H. V. Vangapandu1, H. Strang1, A. Kaul1, L. Masri1, S. Saravanan1, H. Li1, Q. Miao1, X. Wang1, S. Keswani1, S. Izaddoost1, C. Coarfa1, S. Balaji1 1Baylor College Of Medicine,Surgery,Houston, TX, USA
Introduction: How different individuals scar from identical injuries define heterogeneity in wound healing. Since, fibroblasts are the main arbiters of fibrosis, exposure to stress under oxygen constraint and high bioenergetic demands could exacerbate differences in wound repair and scarring responses. Hence, it is conceivable that fibroblast energy metabolism may underlie why we scar differently. We hypothesize that scarring is differentially regulated by intrinsic fibroblast energy metabolism cues.
Methods: Skin and paired c-section scar tissue was obtained from abdominoplasty surgeries. Samples were classified as "low" or "high" scarring potential based on VSS(<3 vs. >6). Uninjured (normal) skin and scar fibroblasts were isolated, and metabolic parameters of high scarring(HS) vs. low scarring(LS) fibroblasts were characterized by assessing mitochondrial oxidative phosphorylation (OCR), glycolysis (ECAR) and % ATP production at resting state and under hypoxic conditions (Seahorse XF assays). Mitochondrial membrane potential (ΔΨm; JC-1) and reactive oxygen species (ROS; MitoSOX Red) were also measured. Differences in signaling pathways that mediate the metabolic processes were determined using phospho-proteome profiler array. p-values by ANOVA (n=3-4 patients/group).

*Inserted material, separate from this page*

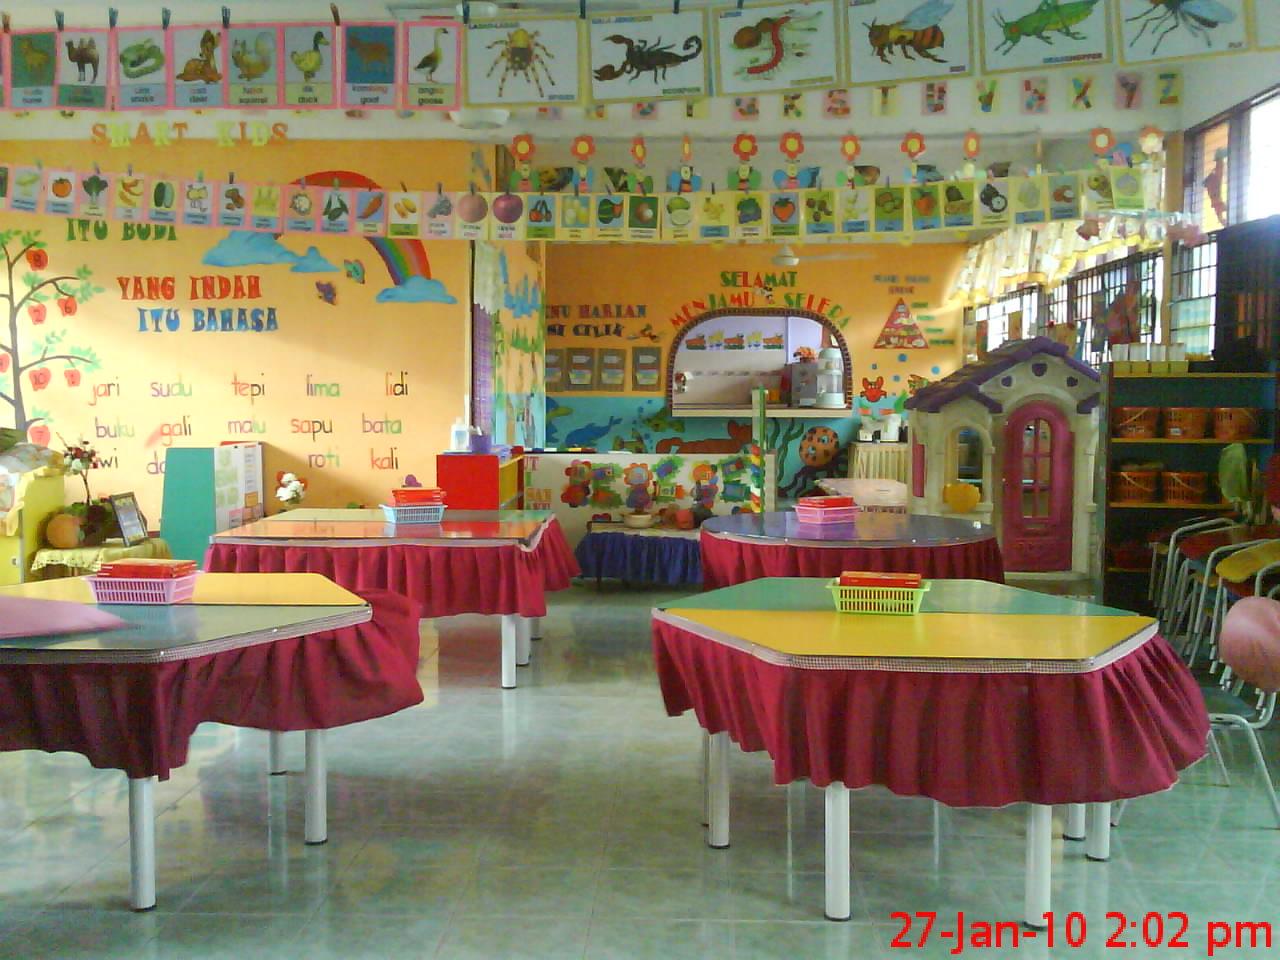 Cikgu eela il preschoolers pce yang lama tukar baru for Contoh lukisan mural tadika
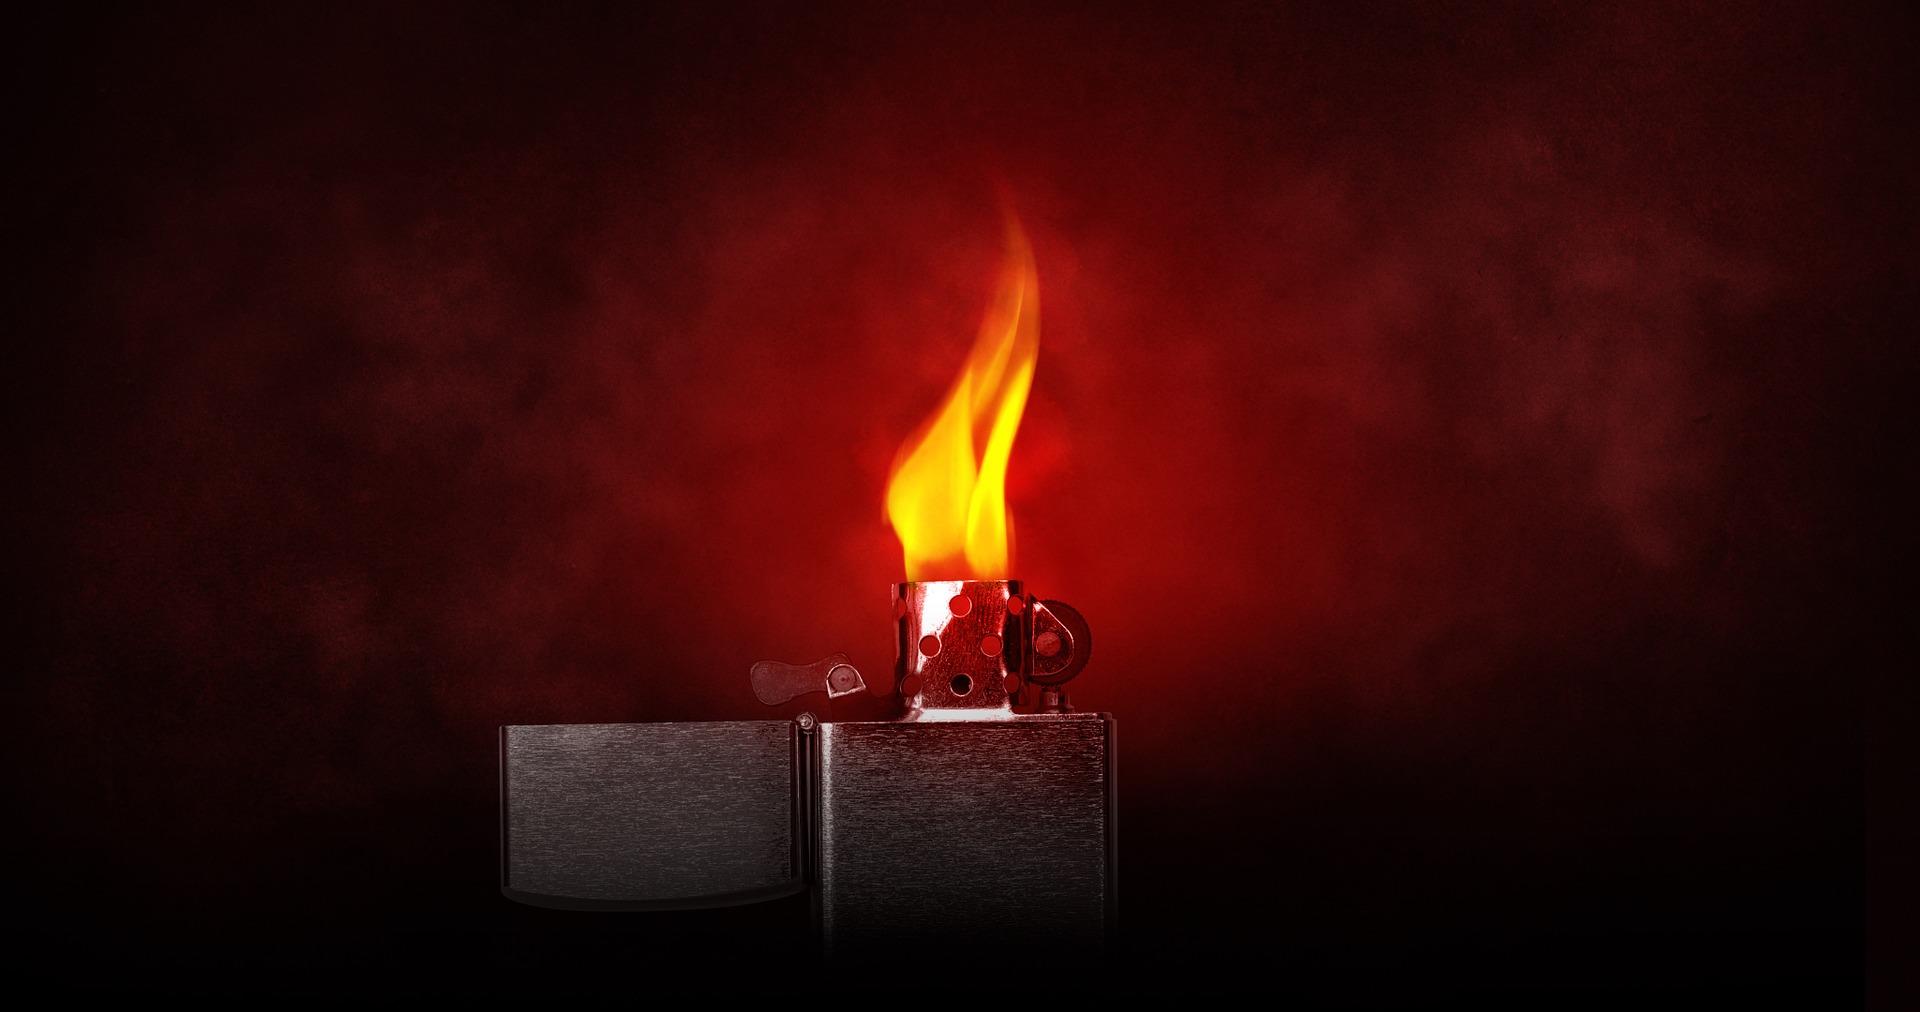 più leggero, accendisigari, chiamato, fuoco, calore, Zippo - Sfondi HD - Professor-falken.com

Results: Both normal skin and scar fibroblasts of HS samples had higher basal OCR and ECAR (more energetic) than those of LS counterparts (p<0.01). We observed no difference in the ATP production between HS and LS normal skin fibroblasts, with equal % generated from mitochondrial respiration and glycolysis. Conversely, scar fibroblasts generated more ATP via glycolysis. HS normal and scar fibroblasts responded better to biochemical stress by showing a greater increase in spare respiratory and glycolytic reserve capacity upon FCCP/Oligomycin treatments as compared to LS fibroblasts (p<0.01). Similarly, under hypoxic conditions (to mirror the wound milieu), there was a dip in OCR in both HS and LS as anticipated, but HS showed a correlatively significant increase in glycolysis. ΔΨm was higher in normal skin fibroblasts from both HS and LS as compared to scar fibroblasts(p<0.001) but, within the normal skin fibroblasts, HS had more depolarized mitochondria compared to LS (p<0.01). Notably, in comparison to LS, mitochondrial ROS was higher in HS normal skin fibroblasts (p<0.05). p-HSP27 Ser82 expression was significantly lower (p<0.001) in HS fibroblasts than in LS, which is consistent with high ROS levels in HS, as HSP27 negatively regulates ROS levels to govern fibrotic and functional responses of cells.
Conclusion: Our data provides new biochemical insights on how mitochondrial bioenergetics could govern fibroblast responses to injury and why we heal differently, which could lead to the design of effective personalized biomarker-guided therapies.